2026-06-29 16:08:41.220 [error] <0.1731.0> CRASH REPORT Process <0.1731.0> with 0 neighbours
exited with reason: {{badmatch,{error,not_found}},
  [{rabbit_amqqueue,with,2,[{file,"rabbit_amqqueue.erl"},{line,540}]},
   {rabbit_channel,handle_method,3,[{file,"rabbit_channel.erl"},{line,1284}]},
   {gen_server2,handle_msg,2,[{file,"gen_server2.erl"},{line,1056}]},
   {proc_lib,init_p_do_apply,3,[{file,"proc_lib.erl"},{line,247}]}]}
in gen_server2:terminate/3 line 1183

2026-06-29 16:08:41.222 [error] <0.1729.0> SUPERVISOR REPORT Supervisor:
{<0.1729.0>,rabbit_channel_sup}. Context: child_terminated.
Reason: {{badmatch,{error,not_found}},...}. Offender: id=channel,pid=<0.1731.0>.

Other common reasons in the first tuple include noproc, function_clause, case_clause, badarg, and {timeout, {gen_server,call,[...]}}.

What the Error Means

A CRASH REPORT says an Erlang process died and prints why (the reason) and where (the stacktrace). A SUPERVISOR REPORT says the dead process’s supervisor noticed and reacted (usually by restarting the child). The two almost always appear together: the crash is the cause, the supervisor entry is the effect.

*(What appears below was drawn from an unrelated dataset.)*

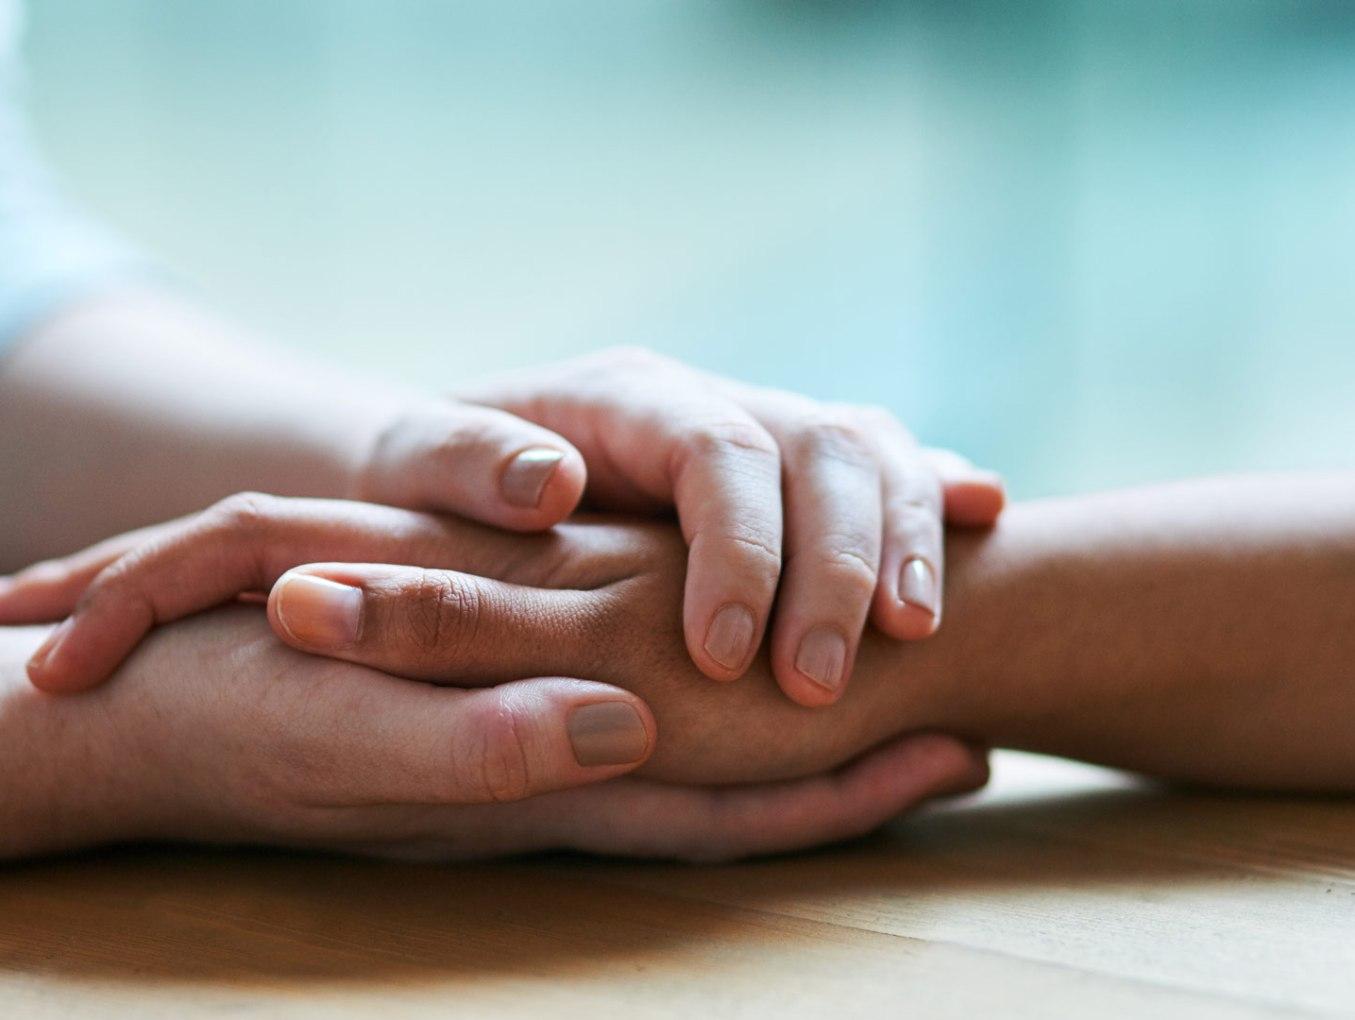 Kako oprostiti drugima i kako oprostiti samom sebi?

The reason is the most important part. It is an Erlang term whose head names the failure class:

  • noproc — sent a call to a process that no longer exists (a race or an already-dead dependency).
  • {badmatch, V} — a = pattern match failed because the value was V (e.g. matching ok but getting {error, not_found}).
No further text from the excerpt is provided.